The Yucatán Peninsula is composed almost entirely of porous limestone, resulting in what’s known as a karst landscape in which the dissolving of the bedrock creates sinkholes (cenotes), sinking streams, caves, springs, and other characteristic features that typically drain into the sea.

After the passage of Tropical Storm Alberto earlier this week, the area’s cenotes and underground rivers were full to capacity and the excess water was seeking a natural outlet. In this particular instance, the cold storm waters were being pushed out of an underwater cave.

People walk holding umbrellas in the rain in a Mexican city
Tropical Storm Alberto left Quintana Roo’s limestone caves and cenotes filled with rainwater. (X)

Germán Yáñez Mendoza, Cozumel’s deputy director of ecology, and Rafael López, a karst investigator at Mexico’s National Autonomous University (UNAM), were the divers who investigated this week’s sea eye. The pair took videos of the phenomenon to document how rainwater makes its way through the state’s underground formations.
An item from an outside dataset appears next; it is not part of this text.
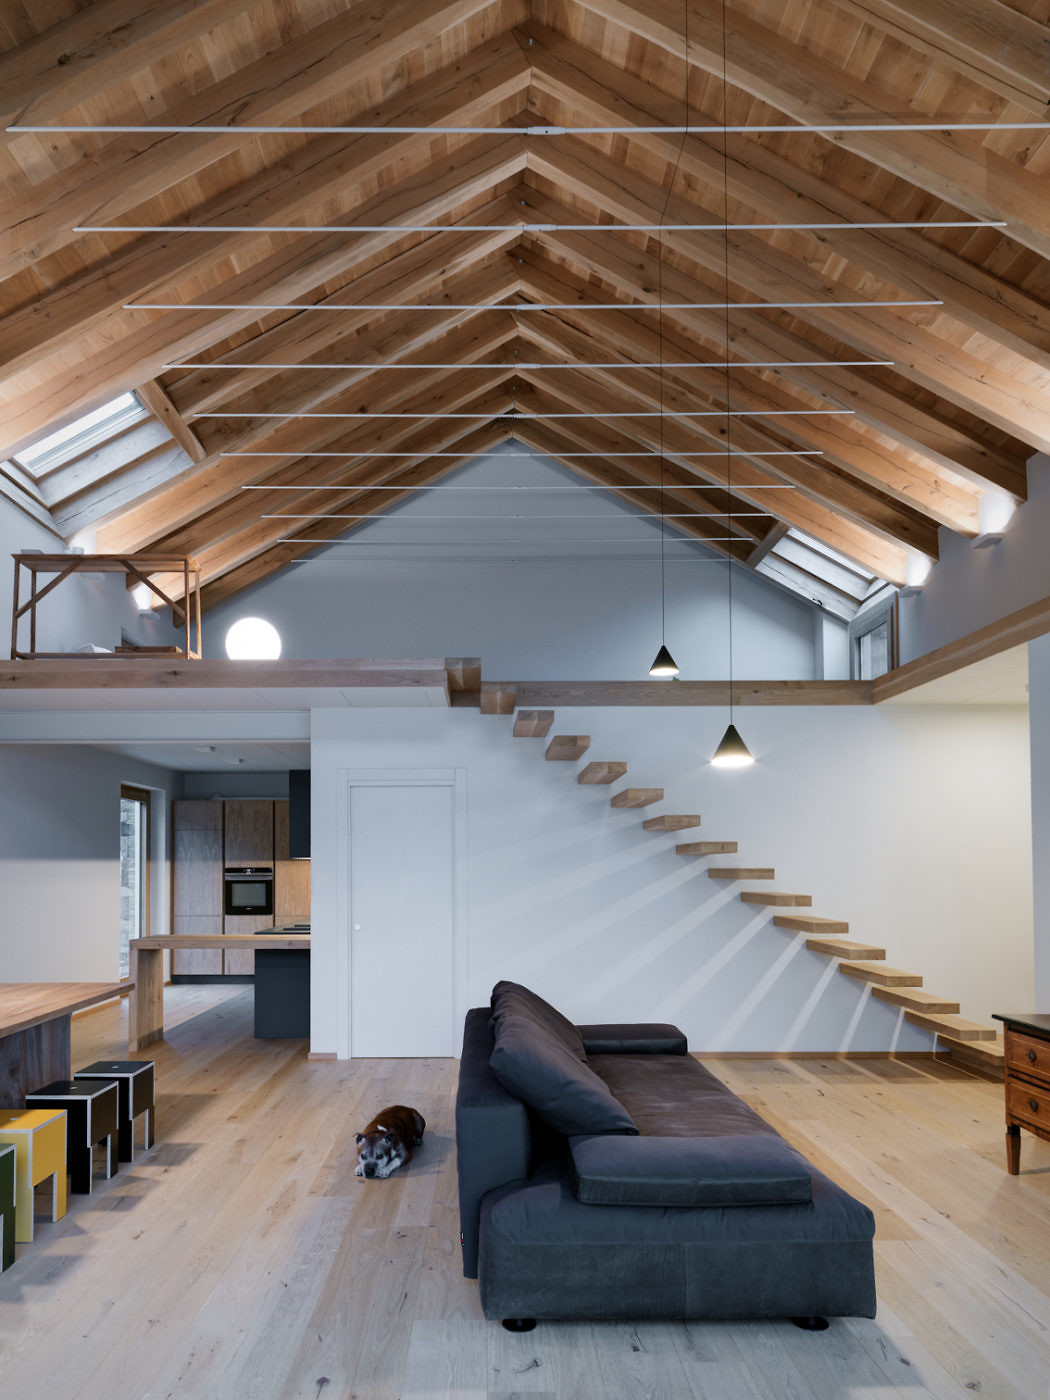 Spacious loft with exposed wooden beams, floating staircase, and a cozy seating area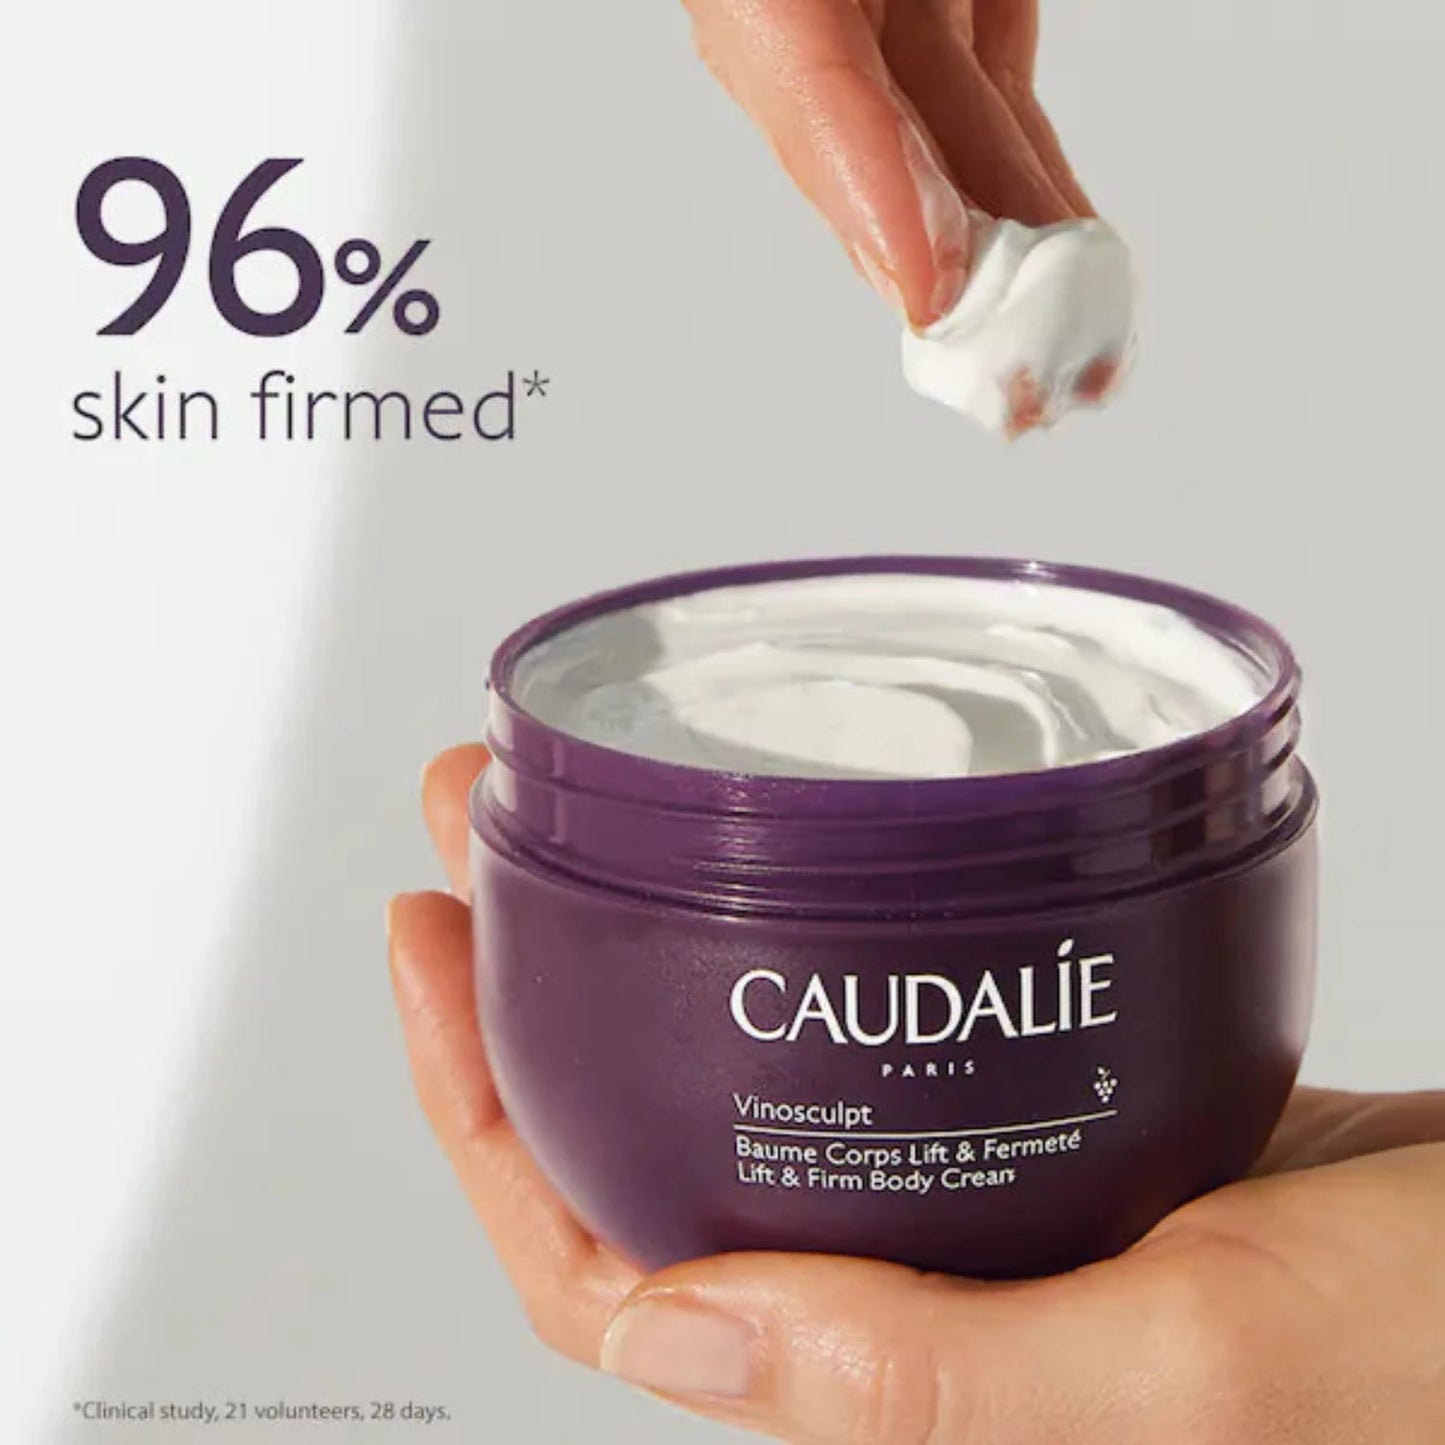 Caudalie Vinosculpt Lift & Firm Body Cream visible results of skin being toned and firmed.

Afterward, Yáñez told Riviera Maya News that these processes, called upwellings, come from inland caves that drain into the sea. In most cases, the natural outlets are in deep water and do not result in sea eyes.

“Most of the caves … have an internal drainage system,” he said. “They capture rainwater and drain it into the sea … in some cases [escape] holes are covered by sediment, rocks and sand.”

Yáñez explained that the churning water was coming from a perforation hole in shallow waters that had been clogged, and as the excess water strained to find an exit, it burst through the seabed causing the disturbance at the surface.

Yáñez and López also explored a second ojo de mar near the Aldora Ferry Boat dock just 400 meters northeast of the San Miguel Pier, both of which are on the northwestern side of the island.

With reports from Riviera Maya News, La Jornada Maya and Por Esto!